心筋細胞にはβアドレナリン受容体（GPCR）が存在することが報告されています*1。作動薬および拮抗薬は、それぞれ拍動頻度やシグナル特性に正または負の影響を与える可能性があります。図3は、非選択的作動薬であるイソプロテレノールの例です。拍動パターンと拍動頻度の変化が示されています。ウェルあたりのイソプロテレノール濃度が増加するにつれて、化合物添加3分後の拍動数は28 BPMから50 BPMへと増加しました。一方、臨床的に不整脈患者に処方されるβアドレナリン拮抗薬プロプラノロールは、iPS細胞由来心筋細胞の拍動頻度を低下させました（図4）。さらに、カルシウムトランジェントシグナルの振幅も減少しました。

図3：イソプロテレノール（βアドレナリン作動薬）(3a) 0.37 μMイソプロテレノールに対するカルシウムシグナルのオシレーション。
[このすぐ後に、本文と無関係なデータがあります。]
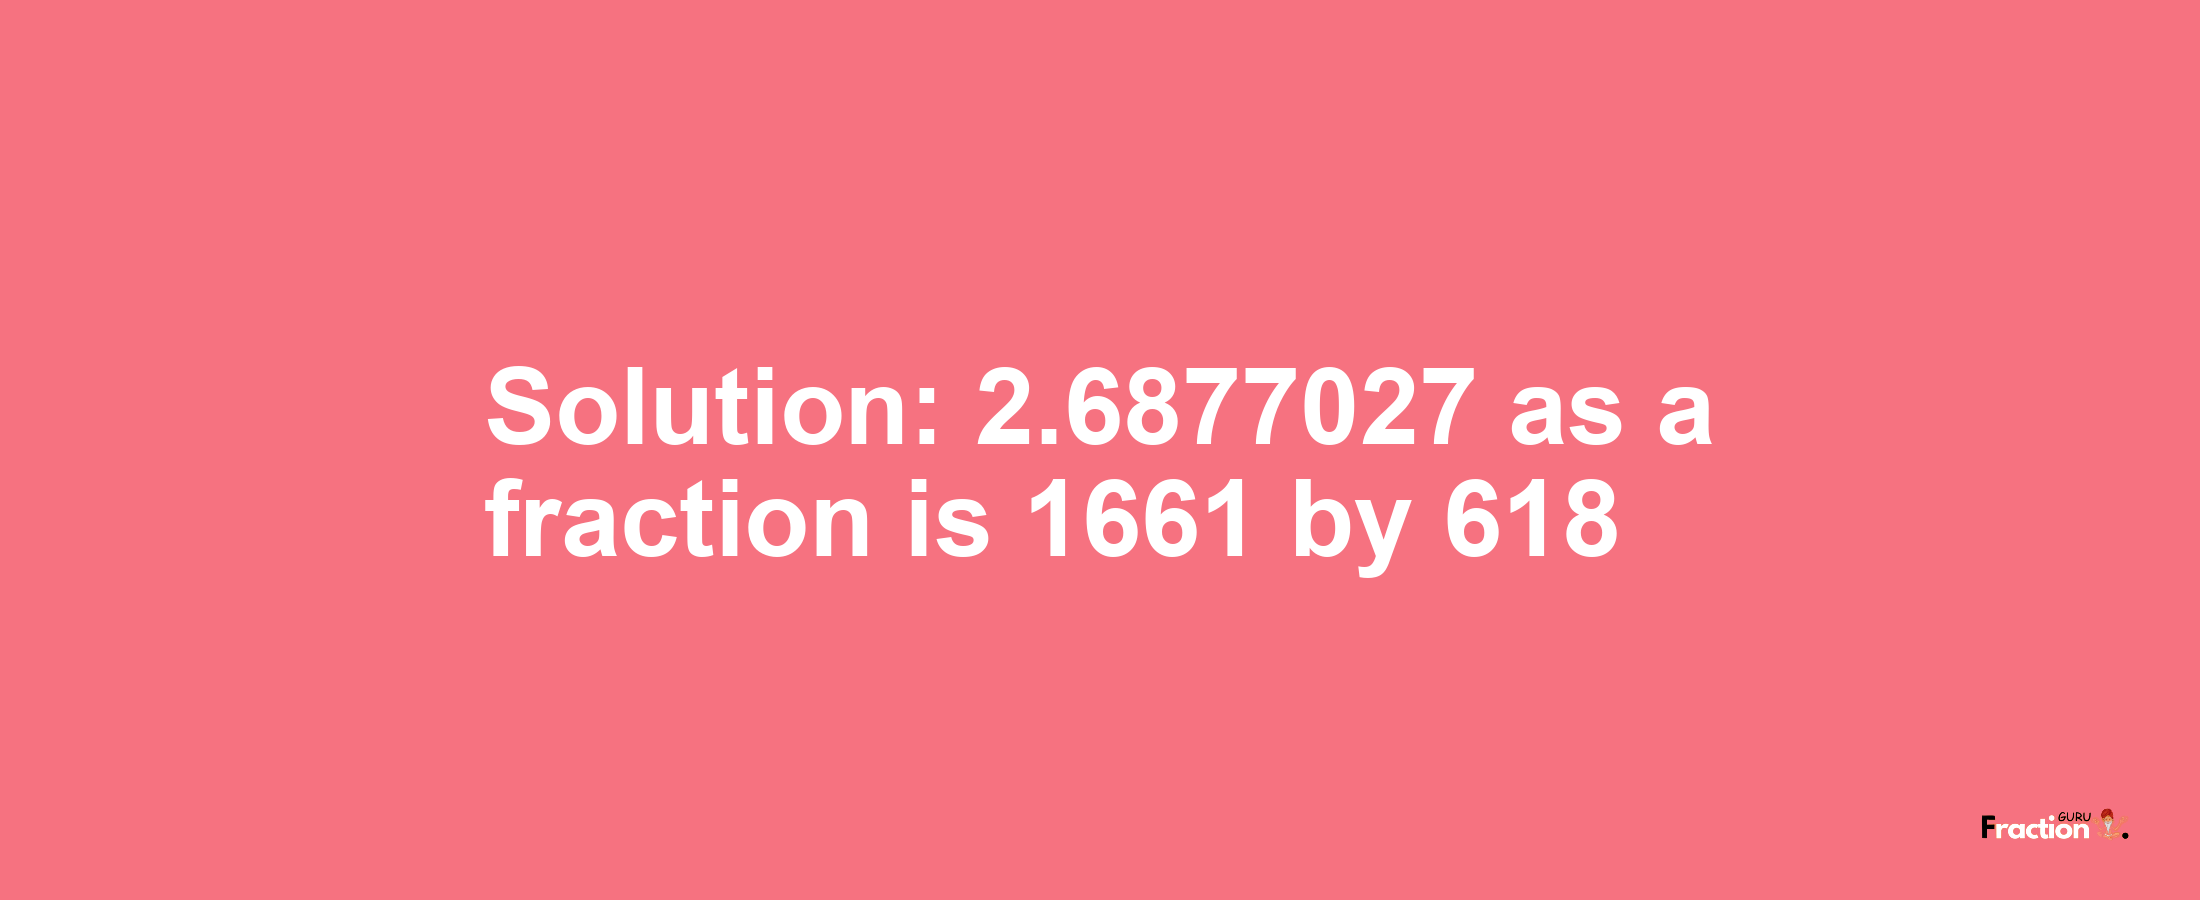 Solution:2.6877027 as a fraction is 1661/618

コントロールは図2に示されています。(3b) 化合物添加3分後、イソプロテレノール濃度の増加に伴い、拍動頻度は約36 BPMから50 BPMに上昇。

図4：プロプラノロール（βアドレナリン拮抗薬）(4a) 3.3 μMプロプラノロールに対する拍動パターン。(4b) 化合物添加3分後、濃度の増加に伴い拍動頻度は約31 BPMから17 BPMに低下。

シサプリドは、かつて胃食道逆流症の治療薬として使用されていましたが、心臓のhERGチャネルを阻害することが判明し、米国では市場から撤退しました。図5に示すように、シサプリドは明確に異なる拍動パターンを示し、図2のコントロールと比較して拍動頻度が著しく低下しました。さらに、ScreenWorks PeakProソフトウェアで算出された10%振幅におけるピーク幅（秒）は、シサプリド濃度の増加に伴い拡大しました。拍動するiPS細胞由来心筋細胞におけるカルシウムシグナルの変化を検出することは、安全性関連化合物の早期同定において重要な手法です。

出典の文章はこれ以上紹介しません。